Probability rules

FW8051 Statistics for Ecologists

Learning objectives

Understand and be able to work with basic rules of probability.

Understand and be able to work with probability distributions in R.

Needed for:

  • Maximum Likelihood and Bayes Theorem; the latter is fundamental to Bayesian statistics.

  • Formulating models using different probability distributions.

Summary Probability Rules

  1. \(P(A \mbox{ and } B) = P(A)P(B \mid A) = P(B)P(A \mid B)\)
  1. \(P(A \mbox{ or } B) = P(A) + P(B) - P(A \mbox{ and } B)\)

Visualization of the probability(a or b) rule from Whitlock and Schluters book.

  1. \(P(\mbox{not } A) = 1-P(A)\)
  1. \(P(A \mid B) =\frac{P(A \mbox{ and } B)}{P(B)}\)

(probability of “A given B”)

Visualization of the probability(a or b) rule from Whitlock and Schluters book.

[Think-Pair-Share] Black Bear Diet Analysis

You are analyzing scat samples from a population of black bears to understand their seasonal diet.

  • 50% of the samples contain Berries (Event \(B\)).
  • 45% of the samples contain Fish (Event \(F\)).
  • 37% of the samples contain both Berries and Fish (Event \(B \text{ and } F\)).

If you randomly select a scat sample that contains Berries, what is the probability that it also contains Fish?

Want to find: P(F \(|\) B)

= P(F and B)/P(B)

= 0.37/0.50 = 0.74

By Catch [Think-Pair-Share]

You are an observer on a commercial vessel targeting Yellowfin Tuna. You are monitoring hauls for the presence of Tuna and protected Sea Turtles.

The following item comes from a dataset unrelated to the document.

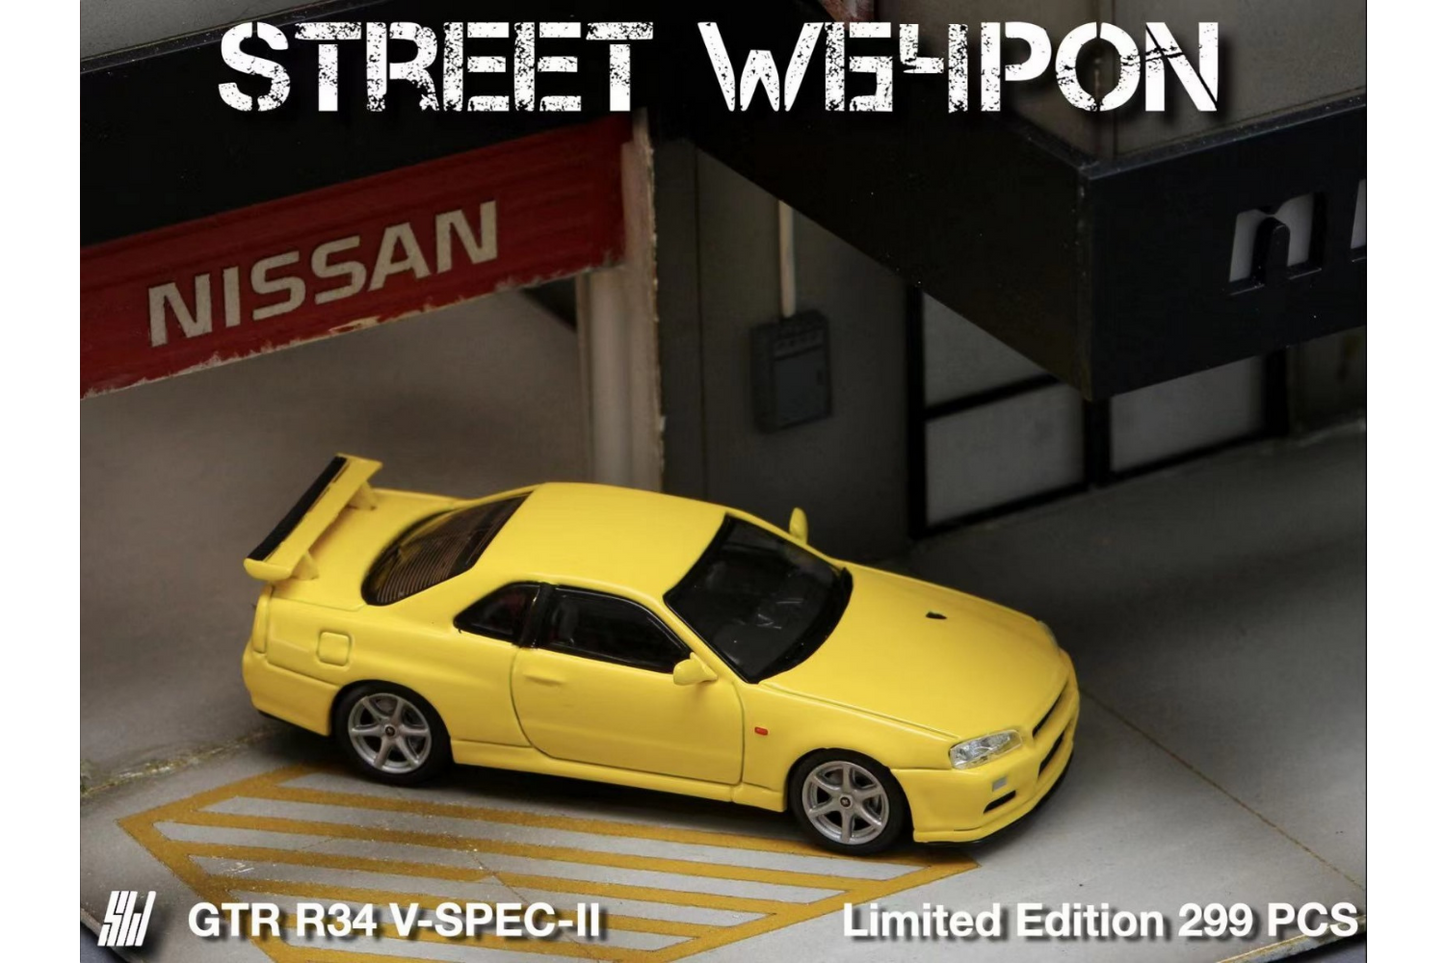 Street Weapon 1/64 Honda Civic EG6 in Knuckles Livery - Nissan Skyline GT-R (R34) V-Spec II in Yellow

Based on your observer logs:

  • 20% of the hauls contain Tuna (Event \(T\)).
  • 5% of the hauls include a Sea Turtle (Event \(S\)).
  • 1% of the hauls include both Tuna and a Sea Turtle

What percent of the hauls include neither Tuna nor a Sea Turtle?

P(not(T or S))

= 1 – P(T or S)

= 1 – [P(T) + P(S) – P(T and S)]

= 1 – [0.2 + 0.05 – 0.01] = 0.76

[Think-Pair-Share]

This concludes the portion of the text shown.